Architectural Team: Fletcher Crane Architects / Toby Fletcher, Ian Crane and Sam Stevens Structural Engineer: Elliott Wood/Gary Elliott, George Georgiou Building Environment and Services Engineer: Skelly and Couch/Mark Skelly, Matthew Chantzidakis Quantity Surveyor: Quantem Consulting/Dan Watson Landscape Architects: Whitelaw Turkington/Ian Turkington
Commentary ‘The Loom’ is the apparatus for weaving strands of local business into a collective. The design approach will enable the scheme to have iconic status both locally and throughout Yorkshire giving local business’ a wider presence throughout the region. The proposed waterfront cafe on site, along with the retention of the existing restaurant will complement the business hub providing an alternative venue for meeting, networking and relaxing. Opening up the water front will provide a destination and meeting place for Leeds, attracting people to the area and facilitating exposure for the local business’.

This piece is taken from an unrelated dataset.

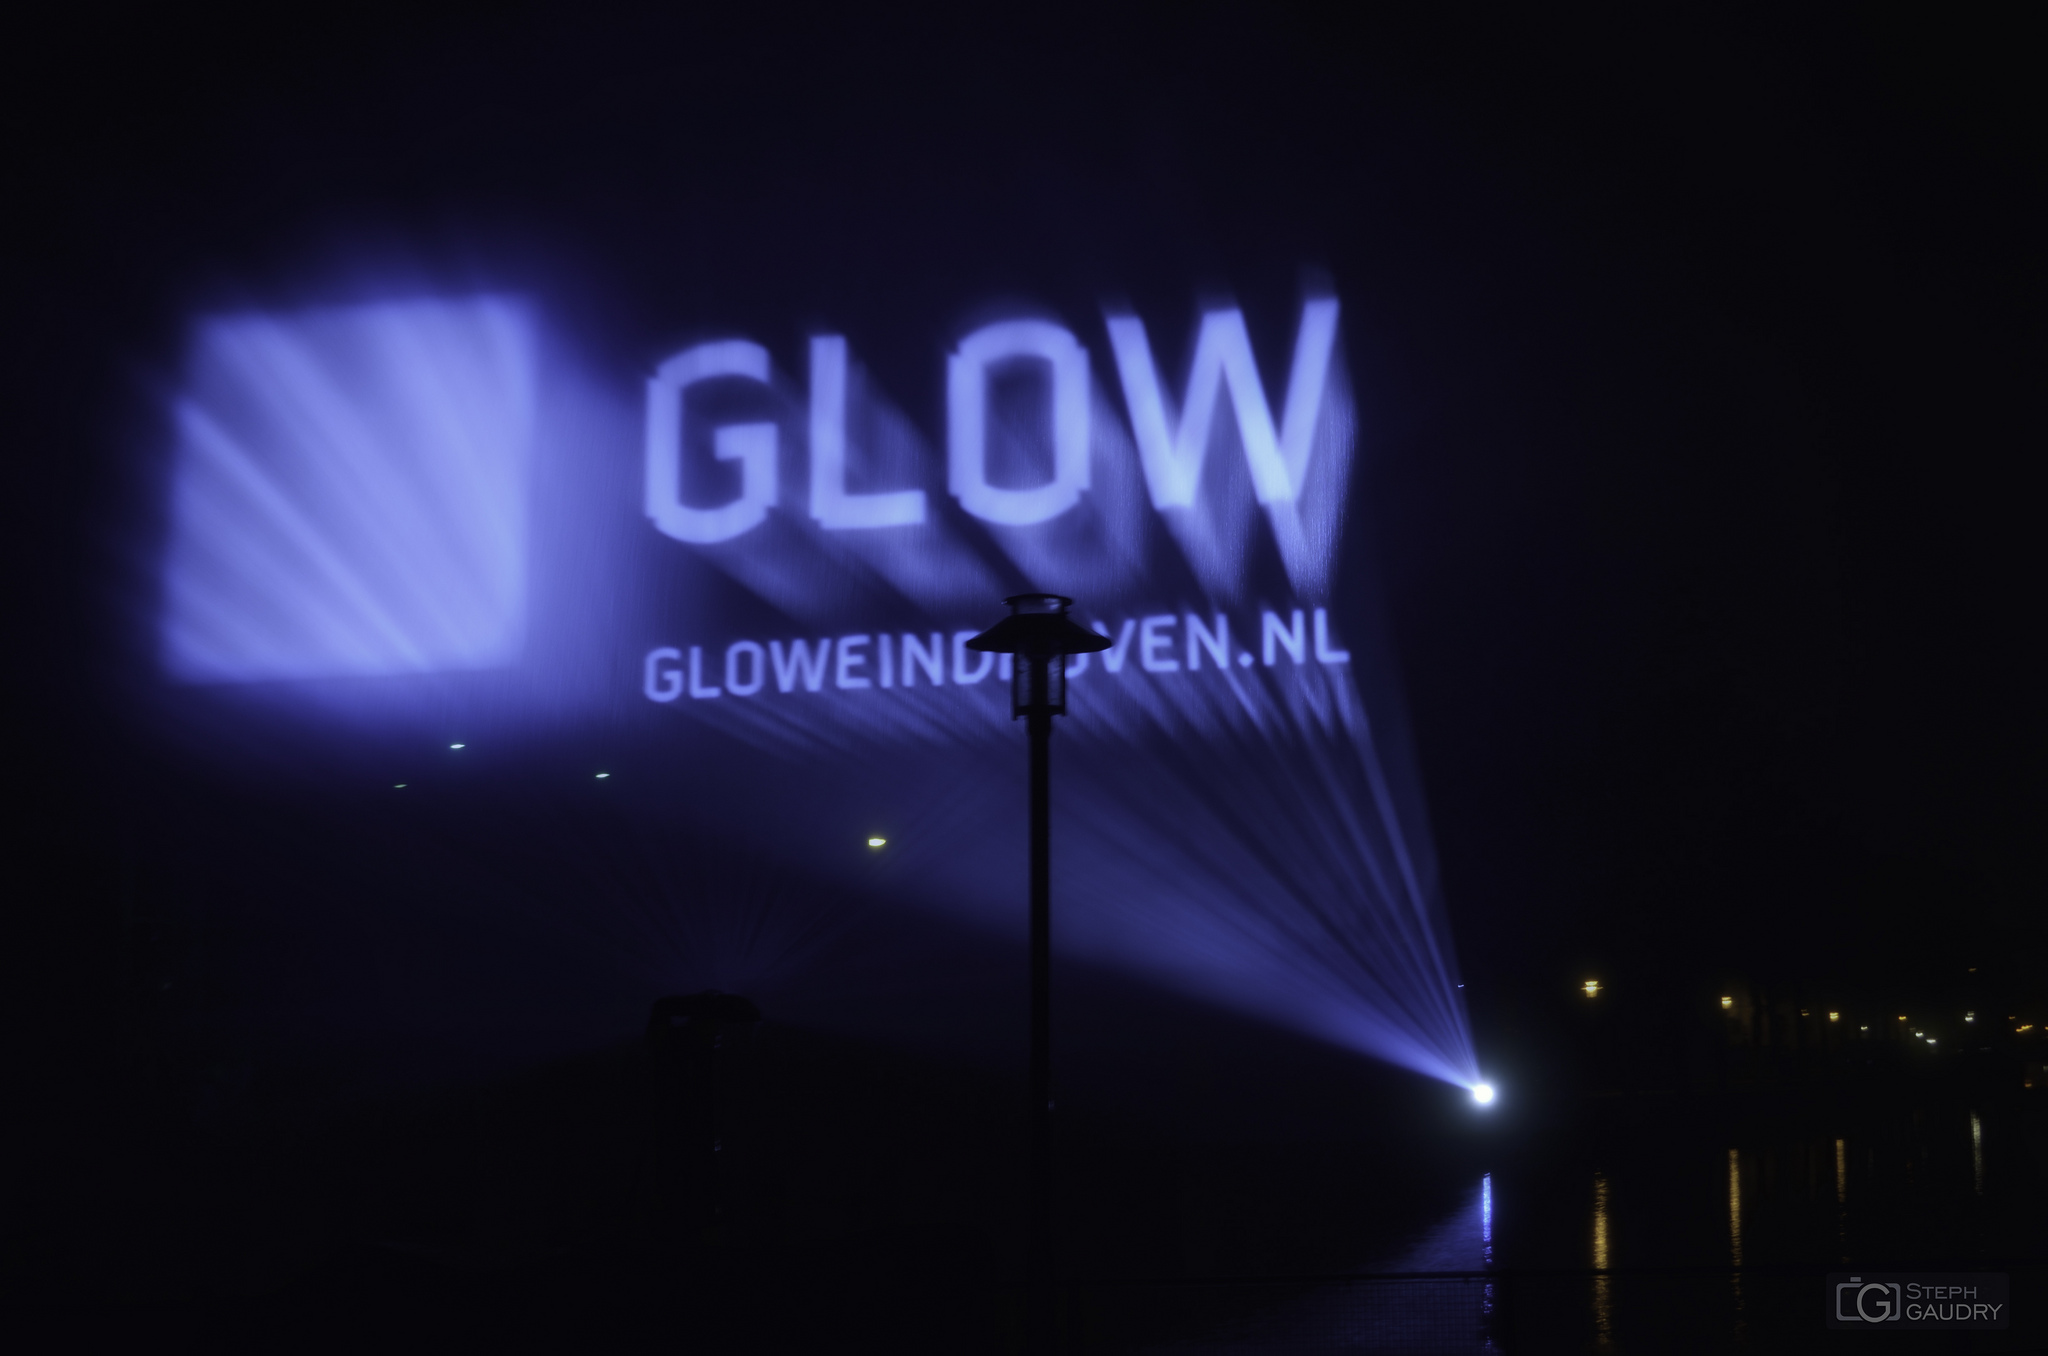 Eindhoven glow 2013 - Laser [Click to start slideshow]

The initial brief called for an iconic building, and delivering a commercially viable scheme that was able to meet that criteria whilst responding to the city urban design agenda, historic context presented a great challenge. The proposed scheme has been carefully developed to be appropriate to the site, but also be uniquely crafted, providing a presence at local, regional and national level. The proposals look to marry the external architecture with that of the interior environment, making the most of the fantastic site and location whilst providing the best possible working environment for the buildings owners and occupiers. The design sets out to be environmentally and socially sustainable whilst creating prime office space within a format that is efficient yet flexible. The building design aims to deliver a dramatic river front facade, utilising the expanse of the river and adjacent sheer faced wharf buildings of the south bank as a canvas. The proposal responds to the immediate vernacular, whereby the structural form continues the subtle contortion of the Calls wharf side roofscape. Recognising that the local area was made up of many small businesses, often in sub divided premises, the proposals seek to provide a section of the building as a local business support hub and business / social meeting space. The intention is that by providing a visual focus to the area local businesses will be able to utilize the premises for networking, entertaining and improved identity.
One of the key aspects of the proposal is to deliver a fantastic new public space for the city, a place that will provide extended use throughout the day beyond that of a conventional office development. In section the level changes from the street level through to riverside provide an opportunity to allow the proposed open space to be lower and therefore more immediate to the river, allowing the public to engage with and touch the water – something currently lacking with the Calls. The counterpoint to the open river front is the street facade. Working from the same rigorous grid layout two very different experiences are generated by the street facade. Deep columns reach down to the ground vertically, opening up on three grid lines at the various entrances to the building and river frontage. When approaching the building obliquely along the tight historic streets of the Calls the envelope appears as a solid form, in keeping with the masonry construction prevalent to the Calls. Once upon the building the arrangement of the columns will open up to provide tantalizing glimpses of the public space and river beyond.
The proposed new public space will provide the area with a unique and distinctive meeting place for the city. It will be a place to shelter from the cold during the winter months and bask during the summertime. It will be a philanthropic gesture to the city, reflecting the numerous delightful bustling arcades that can be found in the historic shopping district. One of the delightful attributes that this external space will acquire is the play and dance of light on the under side of the river front facade delivering a true connection with the building, surroundings and the elements. Internally the aesthetic is intrinsically linked to the external structure and architectural form. The columns are laid out on a typical commercial grid dimension and, because of the scale and massing of the building, you are always aware of the morphing structure. The top floors of the proposal will afford the opportunity for a fantastic contemporary space. a real synergy of structure, light and views, a combination that sets out to deliver premium office space, meeting rooms, board rooms or break-out spaces.
At the transition between the new and retained buildings the proposals adopt a light touch to preserve the integrity of the existing wharf building. Elements such as the huge signage will be retained in situ, becoming a bold part of the interior design. The construction of the extant wharf building will allow the richness of materiality to be explored and will deliver a contrast between the two sides of the development.